Department of Labor, praised religious organizations here Oct. 22
for their work to eradicate sweatshops around the world.
     At least six United Methodist board staff members were among
the representatives of religious groups meeting with Reich to
express condemnation of exploitive labor practice and to urge the
buying public to choose their clothing purchases carefully.
     "The religious leaders joining us in this effort have pledged
to do everything possible to remind Americans that this is a moral
issue and that Americans have a moral responsibility to do
everything they can to ensure that workers are treated fairly and
with dignity," Reich told the press after the consultation.
     He said the Labor Department is the "enforcer" of the
nation's labor laws but the congregations are the "reinforcers."
Reich added, "The government cannot do it alone."

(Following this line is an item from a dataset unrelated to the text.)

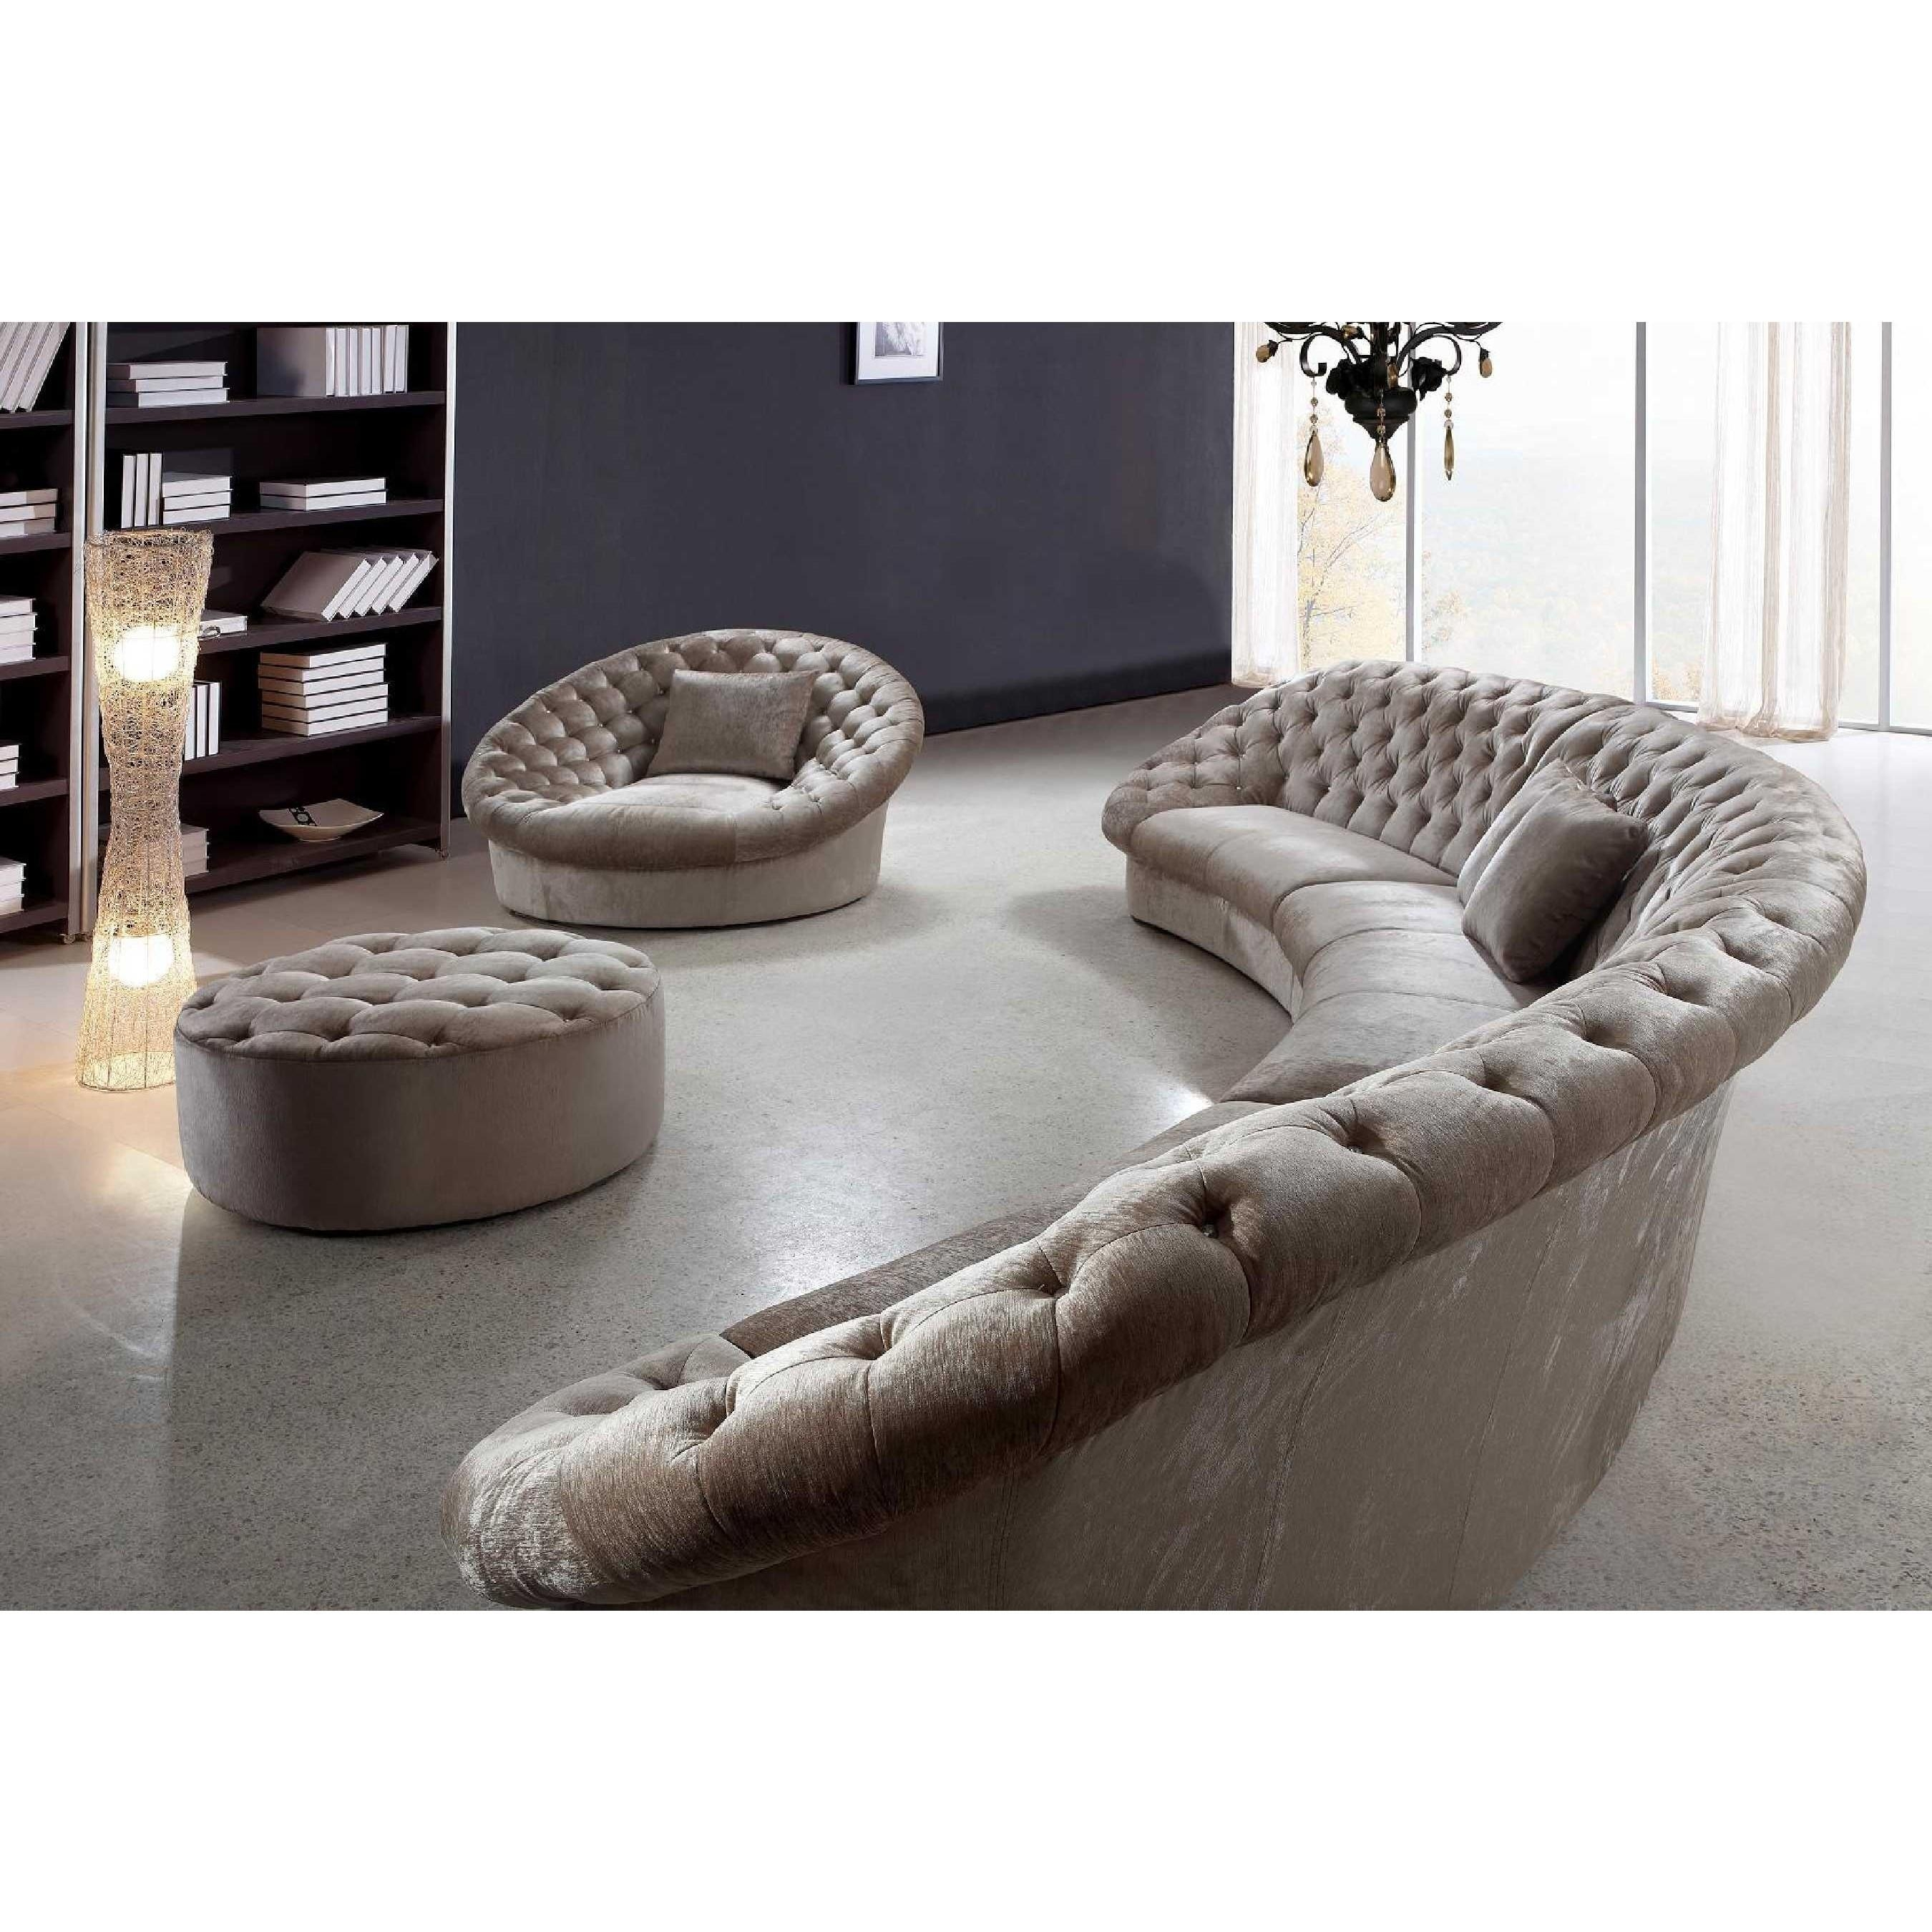 Sofa Oval – Bürostuhl With Regard To Oval Sofas (View 4 of 21)

     The Rev. Pharis Harvey, a United Methodist missionary who is
executive director of the International Labor Rights Fund, also
spoke at the press conference together with leaders from four
Jewish, Baptist and Catholic organizations.
     Representing the United Methodist Board of Global Ministries,
Harvey observed, "Our historic faith journey began in a general
strike against the sweatshops of Egypt. Our Methodist societies
got their start as the conscience of the early industrial
revolution in England."
     He continued by pointing to efforts of the Methodist Church
during the Depression to make working conditions a top priority,
as expressed in the denomination's Social Creed. It said:
     "We stand for reasonable hours of labor, for just wages, for
a fair day's work for a fair day's wage, for fair working
conditions for periods of leisure for those who work, and for an
equitable division of the product of industry."
     Harvey's quote also included the church's expression of
support for the right to collective organizing and bargaining.
     Now, as the world prepares for a new century, Harvey said,
sweatshop conditions have returned to America and to labor in much
of the global economy.
     "We ignore these conditions at the peril of our own well
being, our own moral integrity, our own faith and calling to be
'our neighbors' keepers,'" he said.
     The United Methodist Church is beginning a quadrennial
emphasis on workers, he reported, and that affords the
denomination an opportunity to educate members about "the scourge
of sweatshop labor."
     Addressing the labor secretary, Harvey said that church
members look forward to working to reform trade policies, restore
budgets for enforcement of labor laws and ratify "international
conventions that protect the rights of workers [to bring] our laws
into compliance with international standards."
     The labor secretary also recognized the denomination's work
for justice, naming United Methodist Board of Pension and Health
Benefits as an entity that is using its leverage as an investor to
have "a powerful and dramatic effect on the garment industry."
     The Rev. Thom White Wolf Fassett, general secretary of the
United Methodist Board of Church and Society, in a statement
distributed at the press conference, mentioned the pension
agency's NIKE shareholder resolution concerning working conditions
and reports that the agency is considering action against Walt
Disney, WalMart and Reebok.
     Fassett noted that the denomination has been calling for the
eradication of sweatshops and advocating "safe and decent working
conditions" since its 1908 Social Creed. He said the Board of
Church and Society is part of several coalitions and campaigns
working against sweatshops and child labor.
     Other United Methodists who attended the 45-minute meeting
with Reich were L.J. Hopkins of the Board of Global Ministries
Women's Division, and three Board of Church and Society staff
members, who also advocate on this and related issues -- Jane Hull
Harvey, Mark Harrison and the Rev. Eliezer Valentin-Castanon.